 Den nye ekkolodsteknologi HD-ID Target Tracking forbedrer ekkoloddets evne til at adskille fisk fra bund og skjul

______

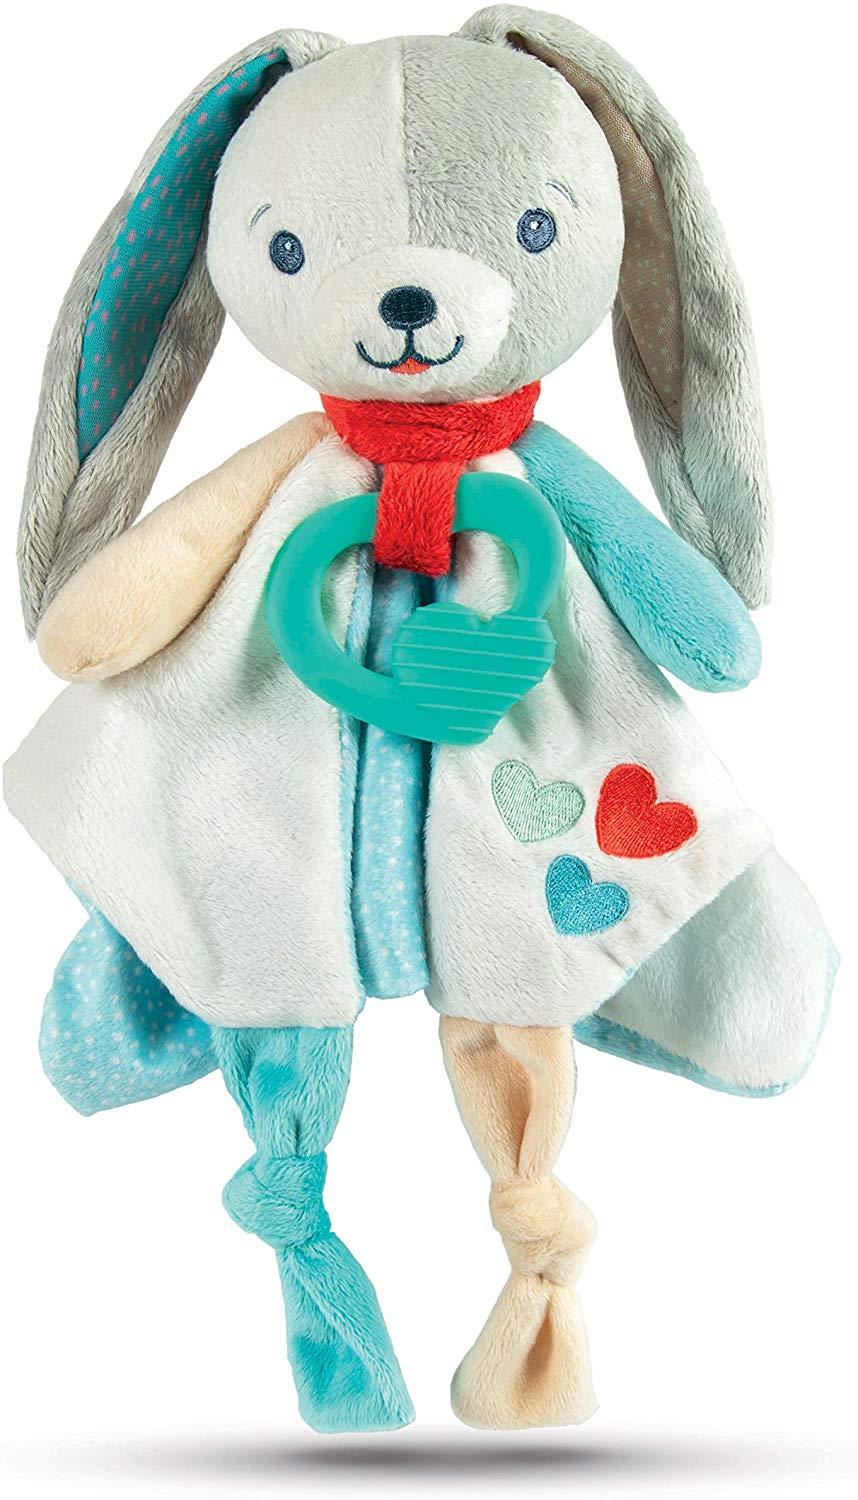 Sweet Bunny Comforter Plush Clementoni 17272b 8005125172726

______

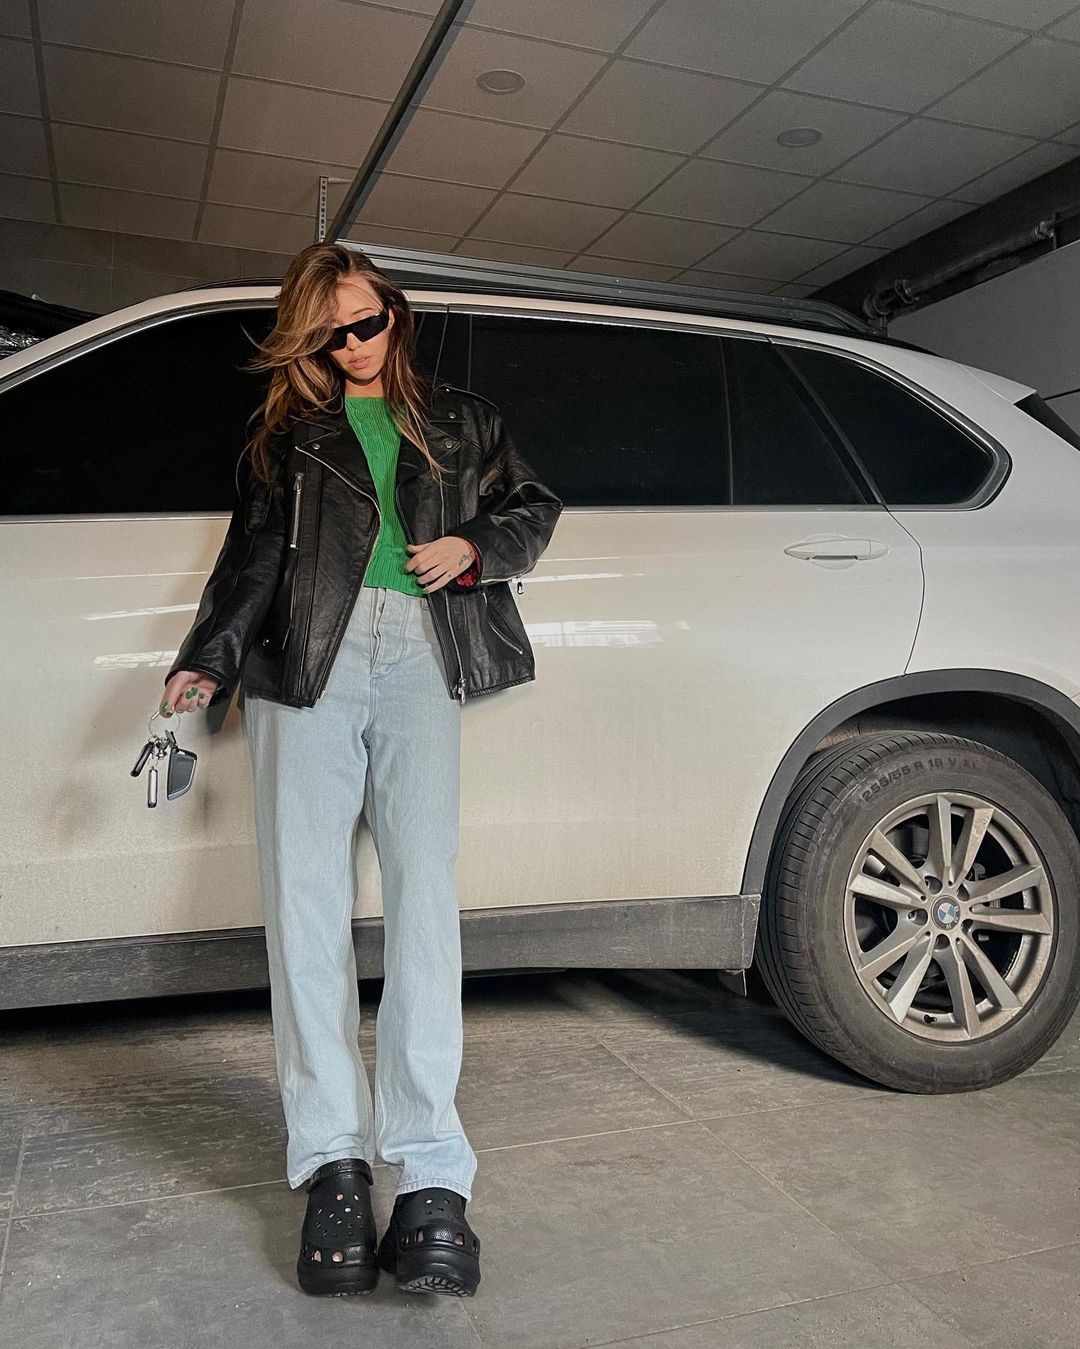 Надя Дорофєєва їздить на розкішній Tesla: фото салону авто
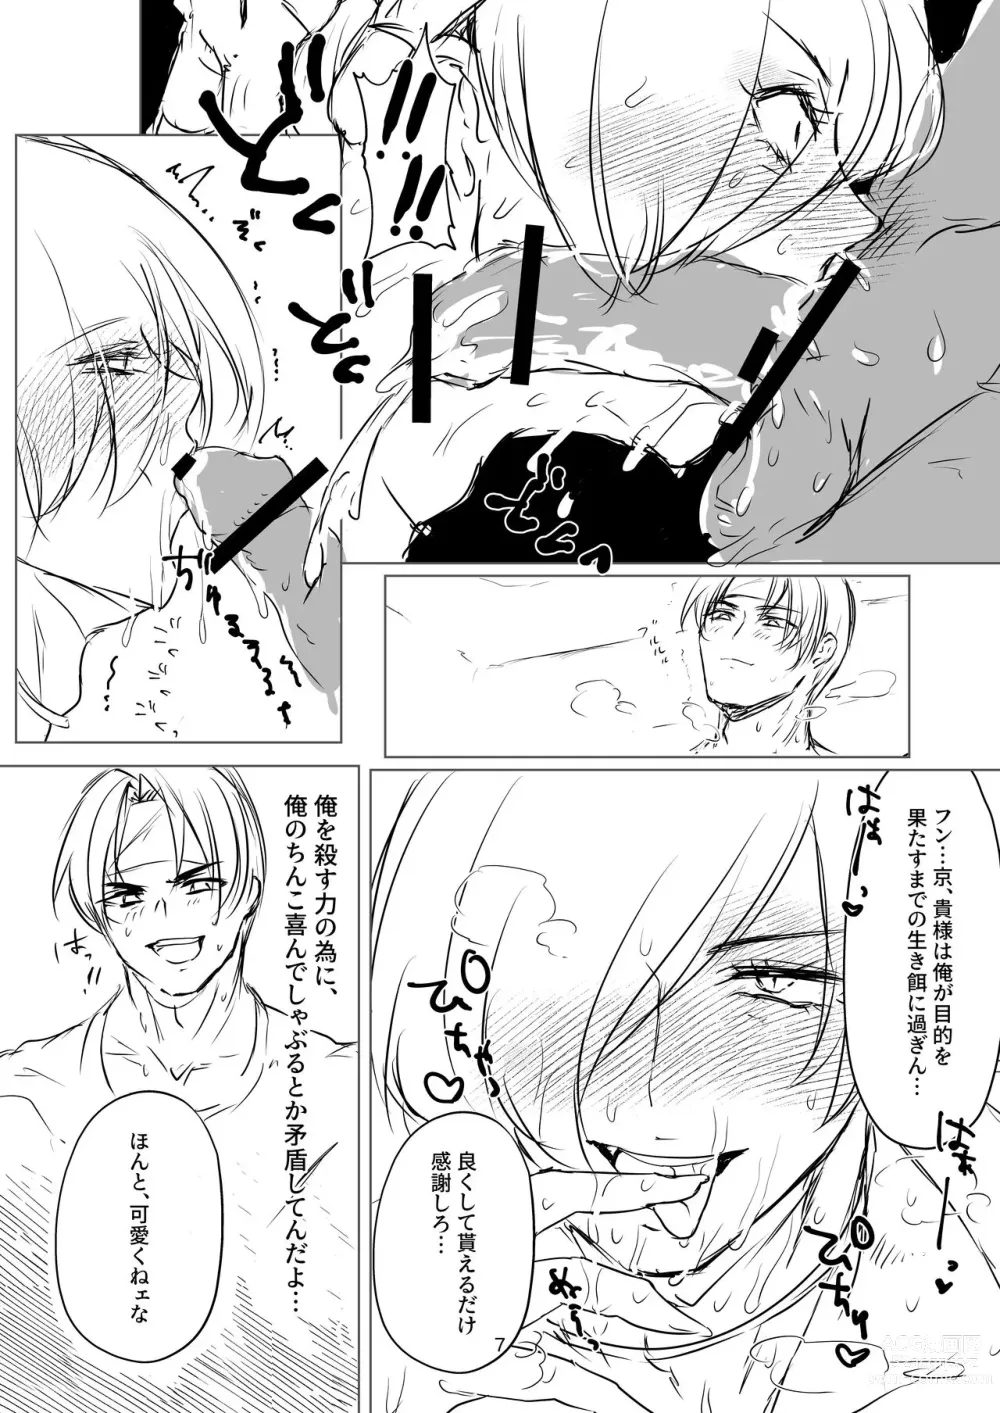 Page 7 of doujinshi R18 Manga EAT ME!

______

# TASK DETAILS:
Go back to the listing above and reproduce, exactly, the stretch from the line bearing "Надя Дорофєєва їздить" through the line bearing "Page 7 of doujinshi R18 Manga EAT ME!", without its pictures.

# WRITTEN RESPONSE:
 Надя Дорофєєва їздить на розкішній Tesla: фото салону авто
 Page 7 of doujinshi R18 Manga EAT ME!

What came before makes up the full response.